Il est un peu décevant de voir que, pour un concert conçu comme une récolte de fonds au profit de la LICRA, réunissant entre autres l’un des plus grands quatuors français d’aujourd’hui et deux danseurs de l’Opéra national de Paris, le public du Théâtre des Champs-Élysées ne remplit que péniblement le premier balcon… Toujours est-il que l’on se sent privilégié de pouvoir assister à un concert conçu comme un florilège de petites merveilles, autour de compositeurs français.
C’est cependant un compositeur tchèque qui ouvre le bal : avec la Dumka du Quintette pour piano et cordes op. 81, les Modigliani et Frank Braley proposent une entrée en matière élégante. Le thème initial, à l’alto de Laurent Marfaing, est empreint de dignité, soutenu par un vibrato savamment dosé ; la mélodie passe ensuite de l’un à l’autre des instruments avec une fluidité parfaite et, au passage, des unissons d’une justesse et d’une homogénéité impeccables. Le violoncelle de François Kieffer est merveilleux de retenue, le piano de Frank Braley d’une douceur incroyable dans ses pianissimos : bref, un régal.
Cette beauté des textures est également ce qui fait l’intérêt des mélodies de Chausson et Duparc interprétées par la soprano Cyrielle Ndjiki Nya.

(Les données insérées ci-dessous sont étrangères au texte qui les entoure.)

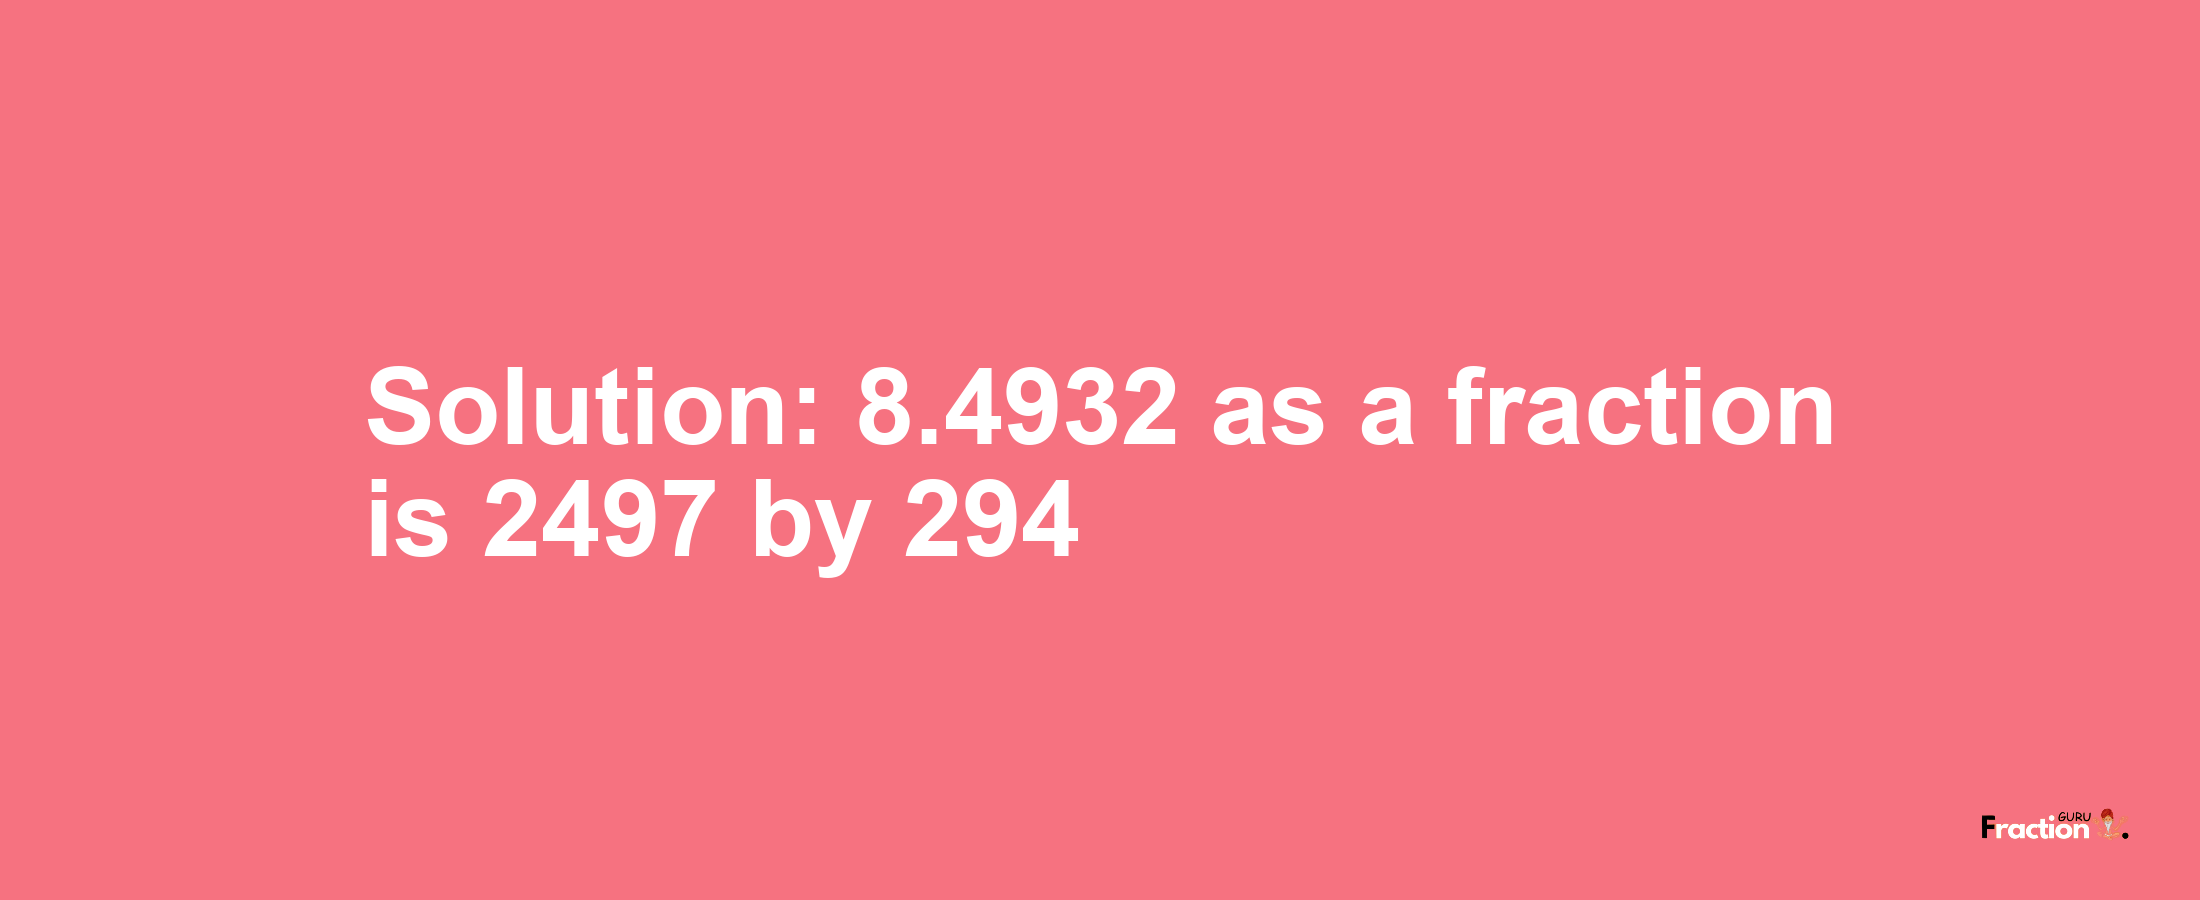 Solution:8.4932 as a fraction is 2497/294

Le timbre de la jeune chanteuse est somptueux, rehaussé d’un vibrato ample et souple. Certes, la justesse n’est pas toujours irréprochable, la clarté de la diction pourrait encore être améliorée, mais on comprend le texte et surtout, on se pâme devant la beauté de la voix. Les aigus ressortent avec une facilité incroyable (dans Serre chaude de Duparc par exemple) et l'instrument est d’une souplesse telle que le legato semble n’exiger aucun effort (La vie antérieure). Le piano de Frank Braley, quant à lui, est limpide : ses doubles croches fluides confèrent une légèreté bienvenue, exemptée de drame, à la Chanson triste de Duparc ; inversement, ses brefs motifs thématiques étrangement solennels suffisent à instaurer l’atmosphère tragique d'Au pays où se fait la guerre. Le quatuor rejoint le duo pour la Chanson perpétuelle de Chausson, un moment de grâce : les cordes des Modigliani ont la texture du velours, la voix de Cyrielle Ndjiki Nya est impressionnante d’aisance. Là encore, si la prononciation n’est peut-être pas assez nette pour faire comprendre la narration, la finesse des nuances et des phrasés des six musiciens est suffisamment claire pour en deviner l’essentiel.

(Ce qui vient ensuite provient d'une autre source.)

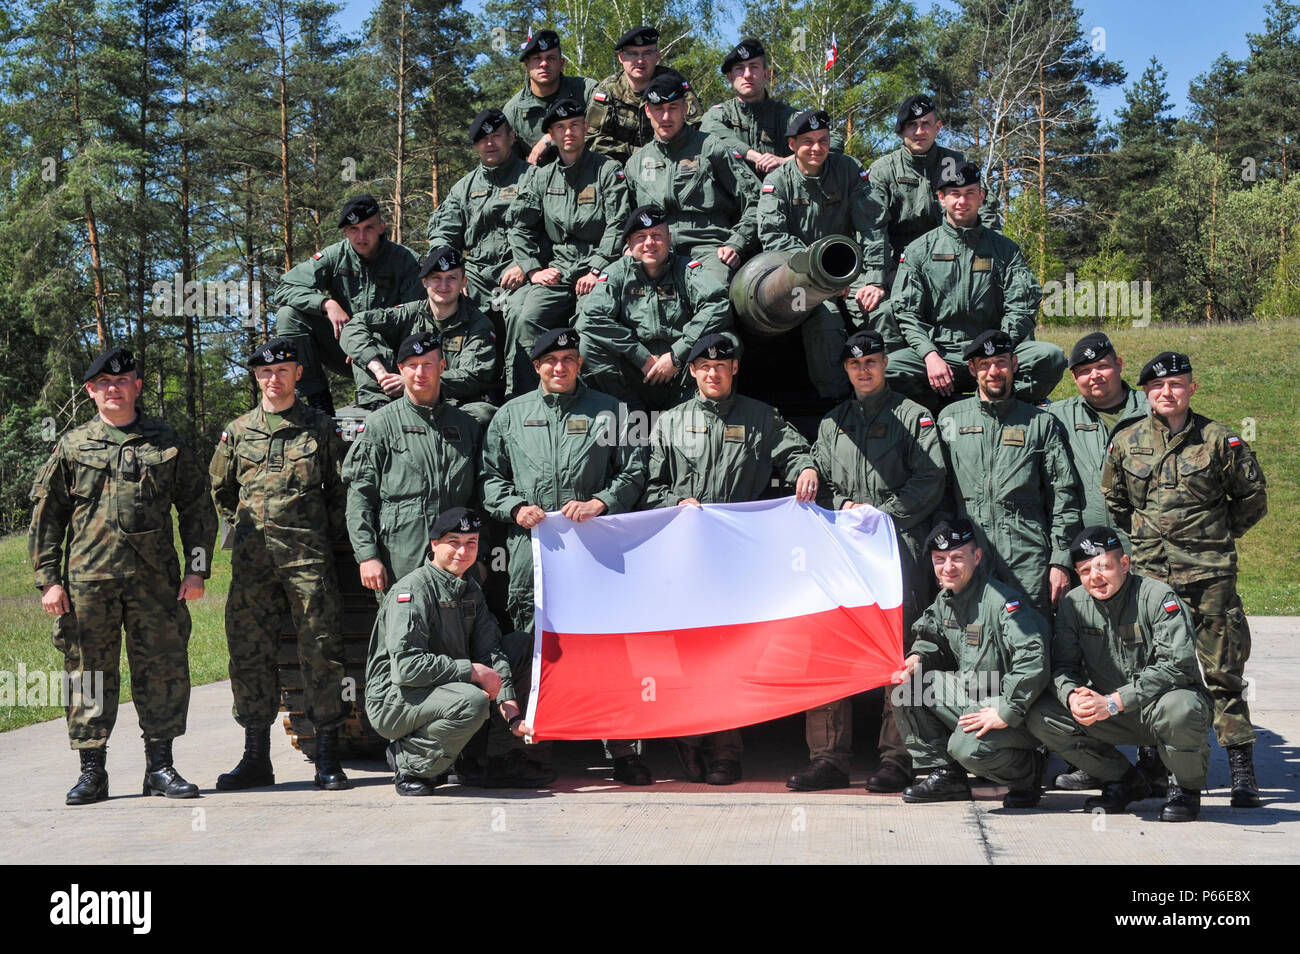 Soldiers from Poland participating in the Strong Europe Tank Challenge (SETC) pose for a group photo May 08, 2016 at Grafenwoehr Training Area, Germany. The SETC is co-hosted by U.S. Army Europe and the German Bundeswehr May 10-13, 2016. The competition is designed to foster military partnership while promoting NATO interoperability. Seven platoons from six NATO nations are competing in SETC - the first multinational tank challenge at Grafenwoehr in 25 years. For more photos, videos and stories from the Strong Europe Tank Challenge, go to http://www.eur.army.mil/tankchallenge/ (U.S. Army photo Stock Photo

La construction de la deuxième partie du concert est tout aussi limpide. L’Oracio del torero de Turina rappelle l’écriture de Ravel par ses jeux sur le rythme (alternance binaire-ternaire) et ses contrastes (ruptures brutales quand un passage dansant et rapide semble échouer brusquement sur une section plus lyrique et songeuse). Les Modigliani savent souligner les moindres effets de l'œuvre, des trémolos scintillants aux pizzicati espiègles, afin qu’elle ne dépare pas une fois juxtaposée avec celle de Ravel…
C’est pourtant bien le Quatuor en fa majeur de ce dernier qui est la pièce de résistance de la soirée. Placés à l’arrière-scène, les quatre instrumentistes donnent la réplique à Agnès Letestu et Vincent Chaillet, danseurs de l’Opéra, dans une chorégraphie de Florent Melac datant de 2020. Dans ce répertoire qu’ils maîtrisent à la perfection, les Modigliani sont impressionnants de technique chambriste – les unissons à l’octave sont toujours éblouissants, les passages de témoin invisibles – mais aussi parce qu’ils parviennent à apporter à ce véritable tube une touche personnelle : les thèmes du premier violon dans le Vif et agité sont ici présentés dans une nuance discrète, alors que certains solos du Très lent sont au contraire étonnamment charnus ; dans les mouvements rapides, le quatuor insiste tant sur le rythme qu’on en oublie presque le travail mélodique et harmonique de Ravel pour se concentrer sur leur caractère… dansant.
Car c’est bien de cela qu’il s’agit : à l’exception de rares moments où les danseurs s’éclipsent (le public est alors plongé dans le noir et immergé dans la musique), c’est le pas de deux qui est au centre de l’attention. Agnès Letestu et Vincent Chaillet se cherchent, se trouvent, se disputent dans un jeu de cache-cache amoureux. Si les mouvements fluides des deux danseurs, dans un style assez néoclassique, ne reflètent pas vraiment la diversité des atmosphères des quatre mouvements, ils ont un caractère primesautier qui convient parfaitement aux sections les plus enlevées. Surtout, ils épousent le relief de la musique avec une grande justesse – manière de rappeler que la musique française d’il y a cent ans n’est pas dépourvue d’échos dans la création artistique d’aujourd’hui.